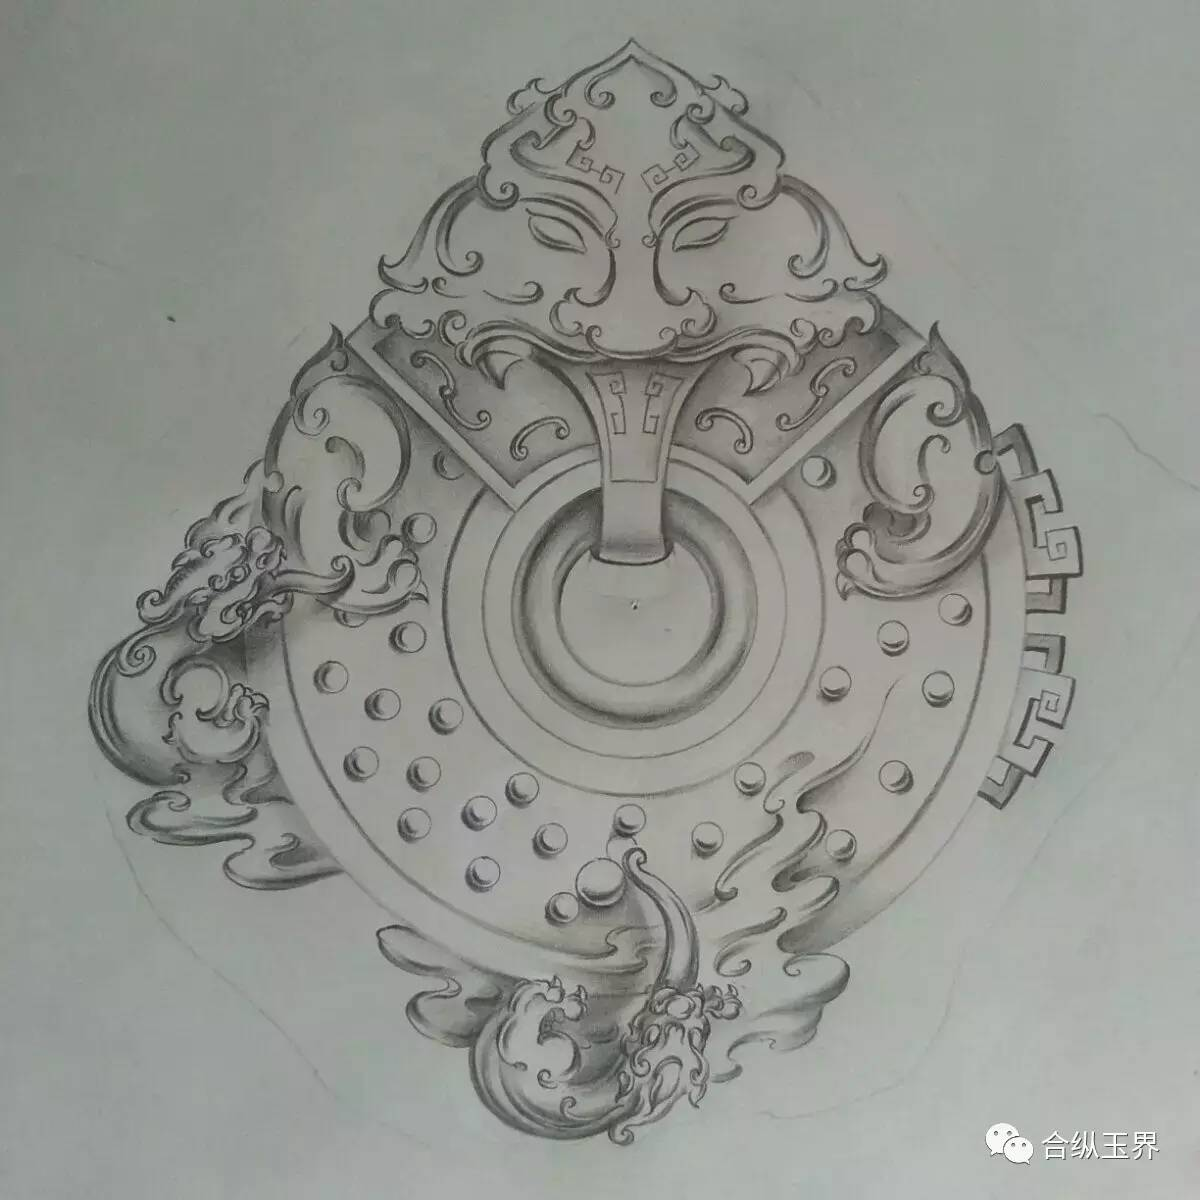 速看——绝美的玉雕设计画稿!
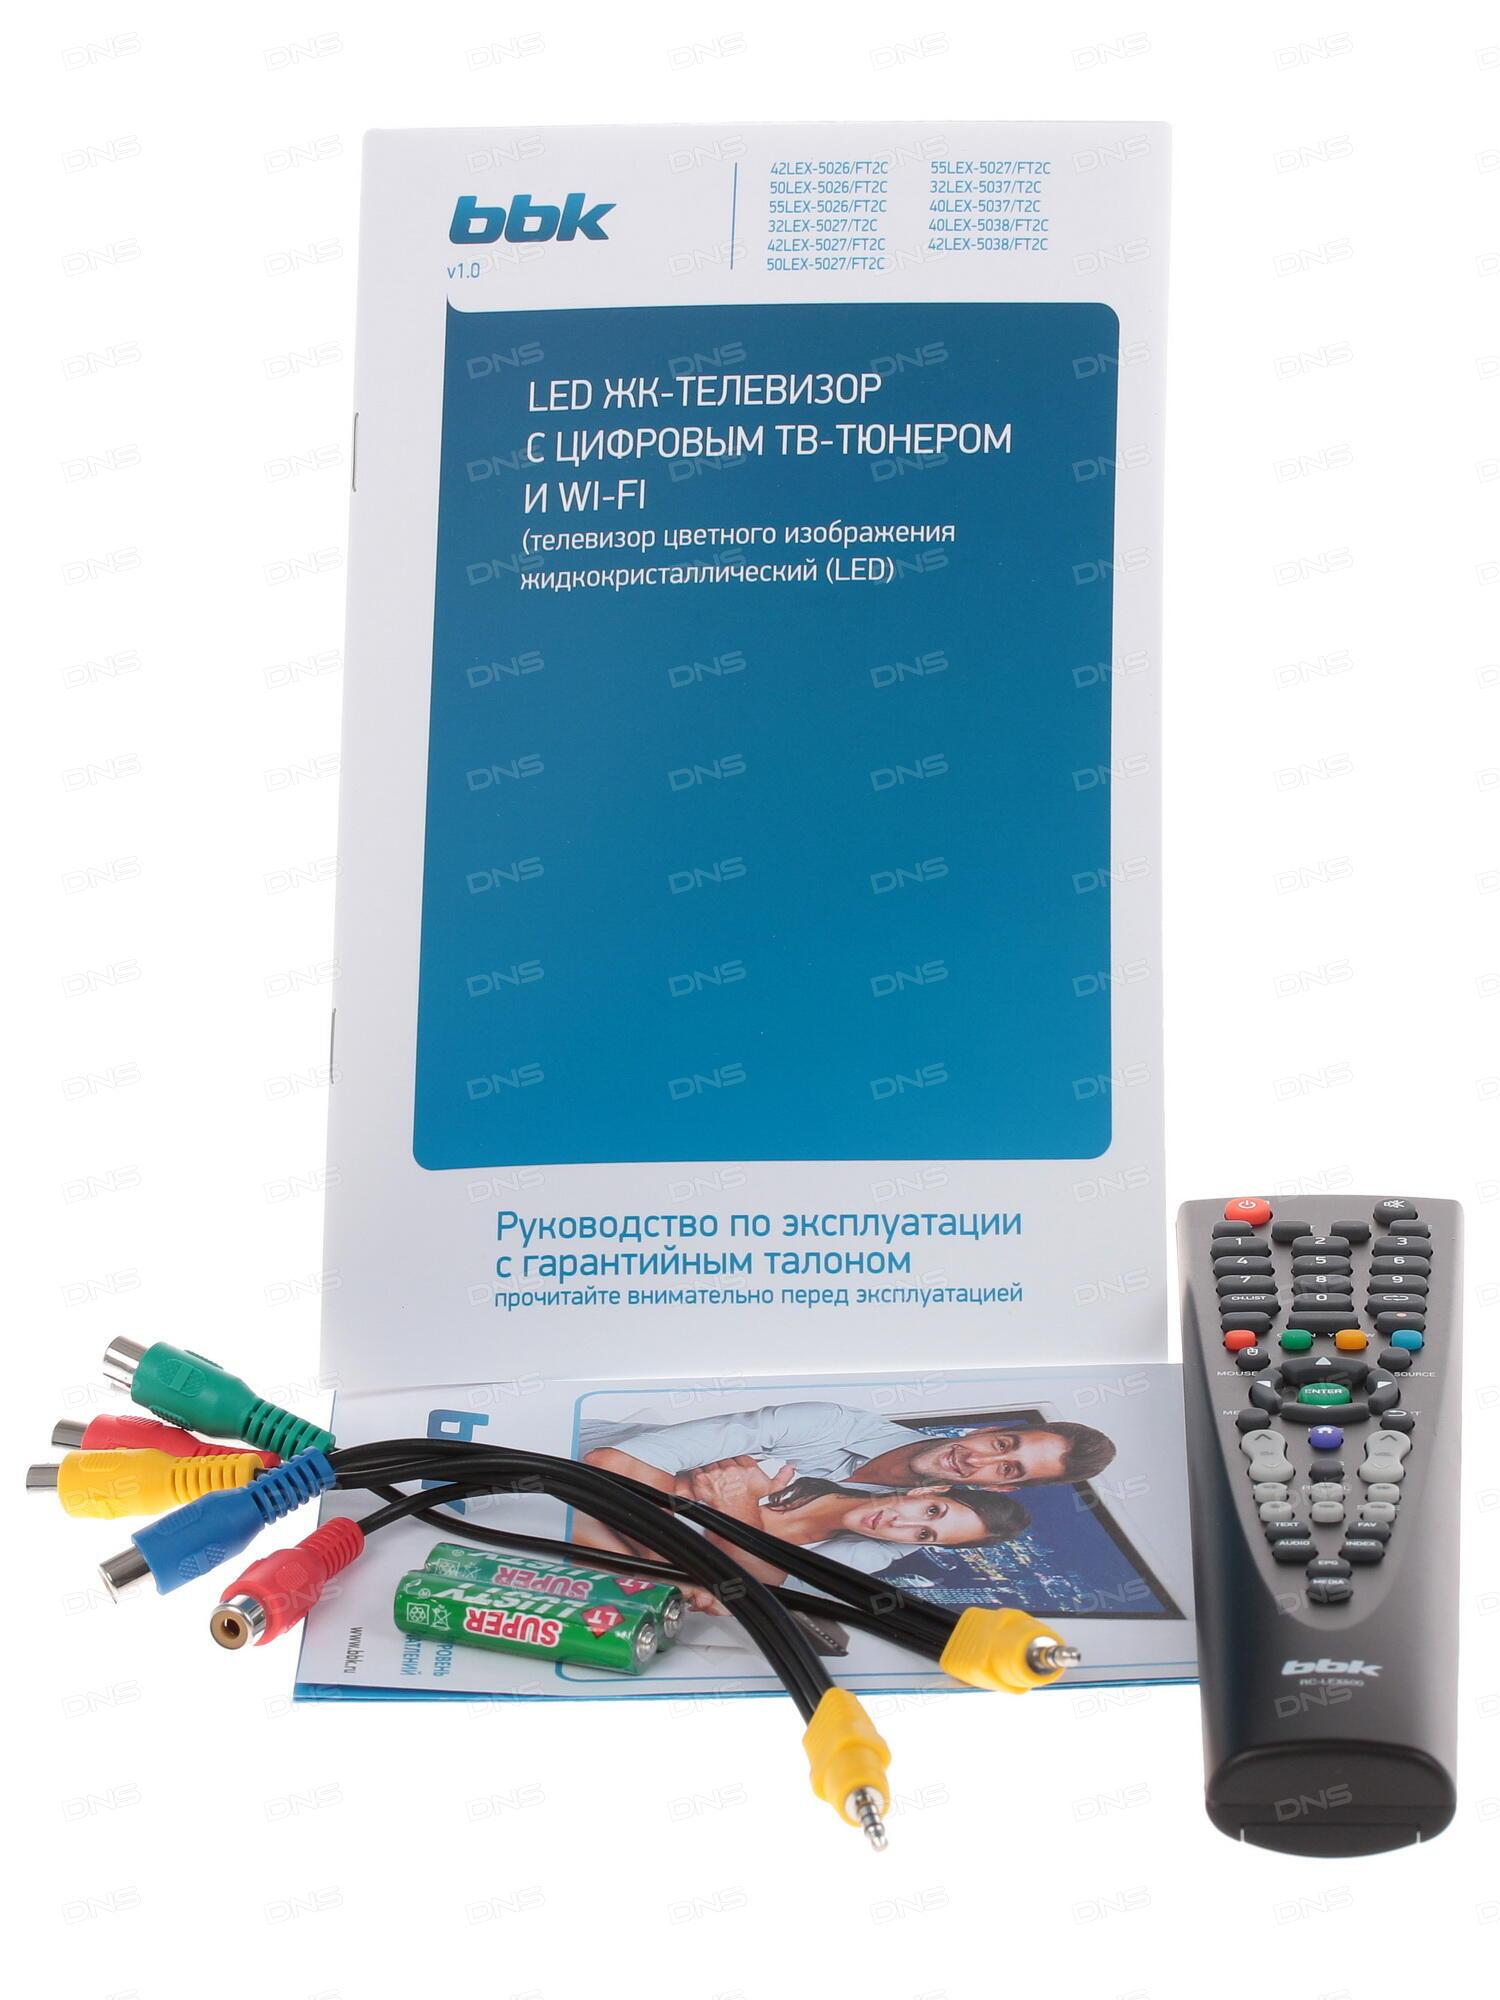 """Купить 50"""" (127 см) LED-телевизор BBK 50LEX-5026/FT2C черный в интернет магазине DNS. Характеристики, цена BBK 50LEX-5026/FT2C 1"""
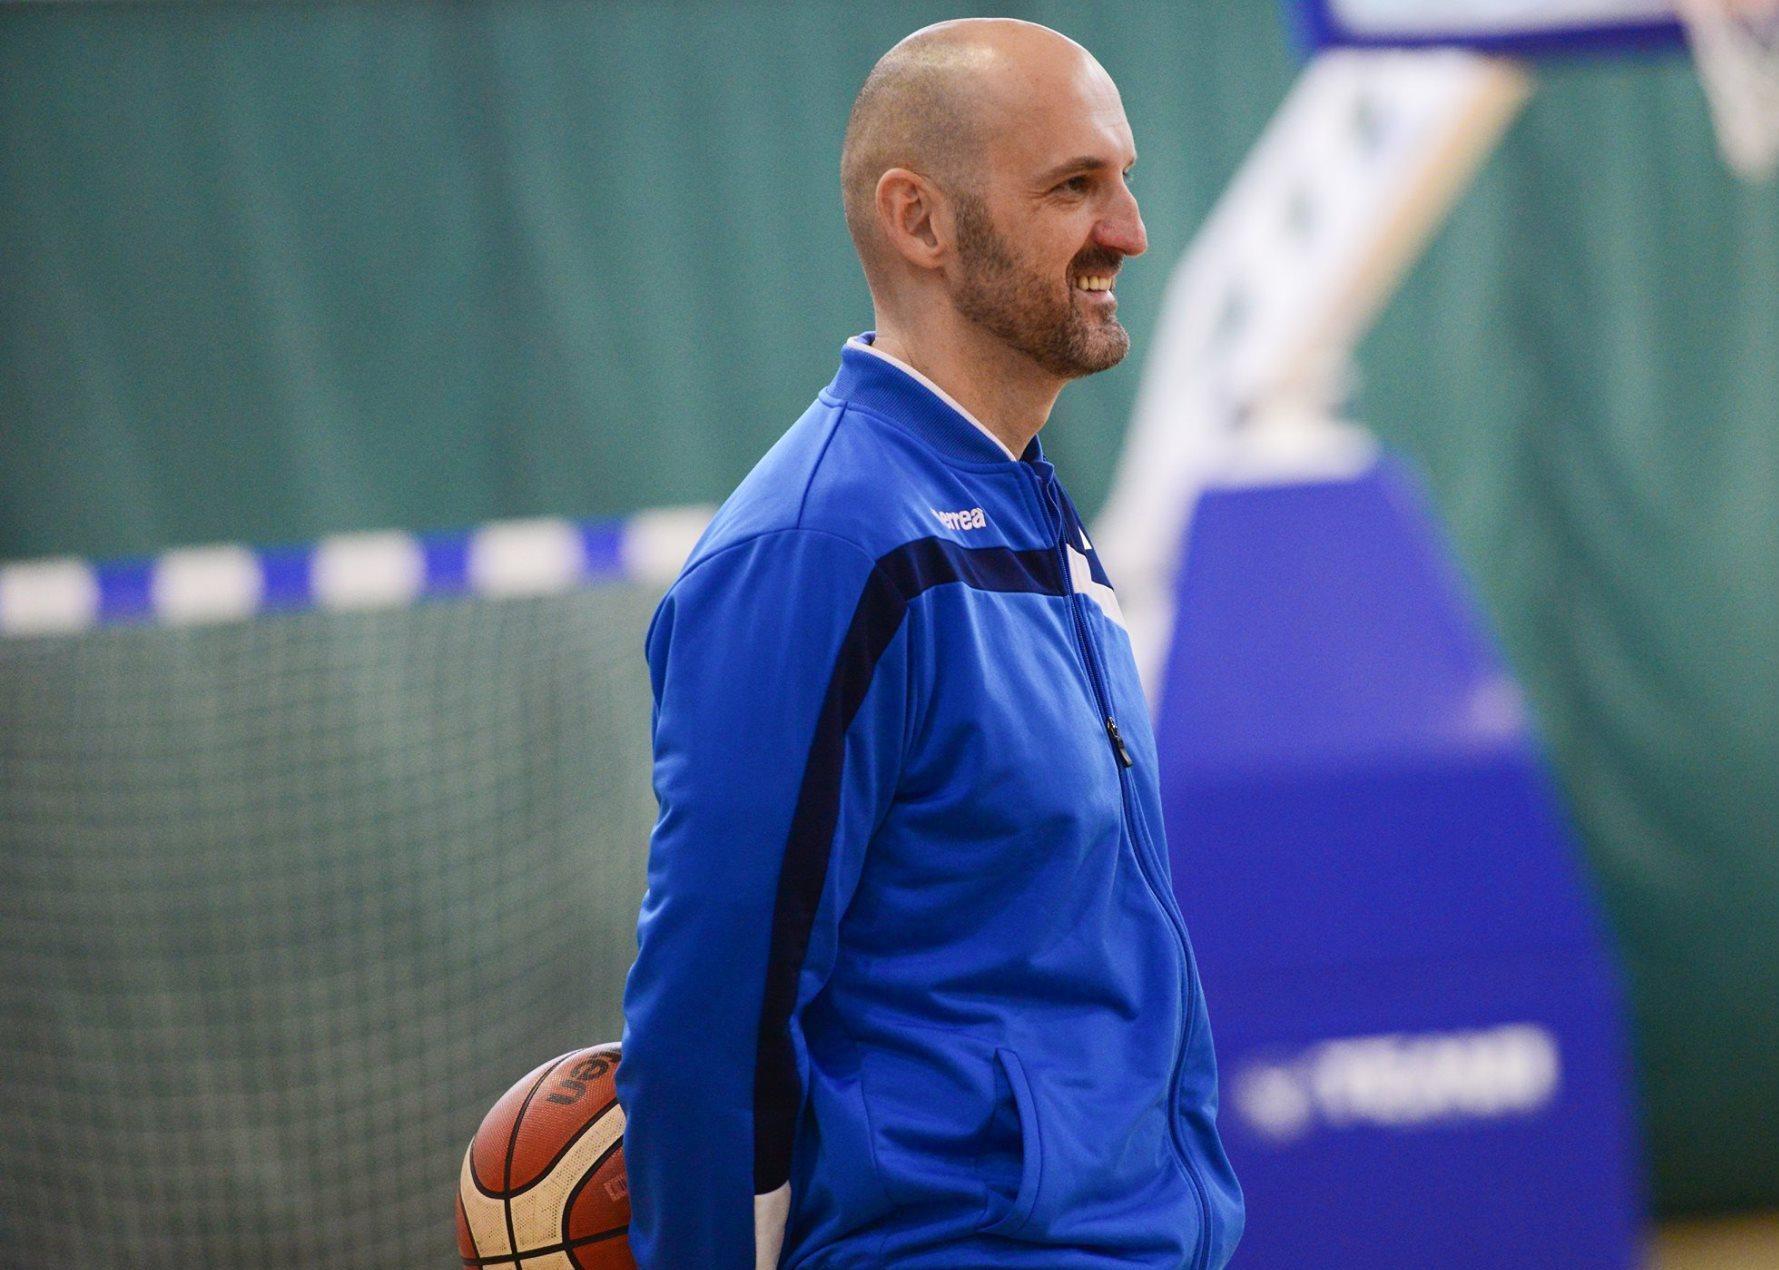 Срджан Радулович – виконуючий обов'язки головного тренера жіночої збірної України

::::::::::

Your goal
Everything above should be given again exactly, apart from the pictures.

Result of the task
 速看——绝美的玉雕设计画稿!
 """Купить 50"""" (127 см) LED-телевизор BBK 50LEX-5026/FT2C черный в интернет магазине DNS. Характеристики, цена BBK 50LEX-5026/FT2C 1"""
 Срджан Радулович – виконуючий обов'язки головного тренера жіночої збірної України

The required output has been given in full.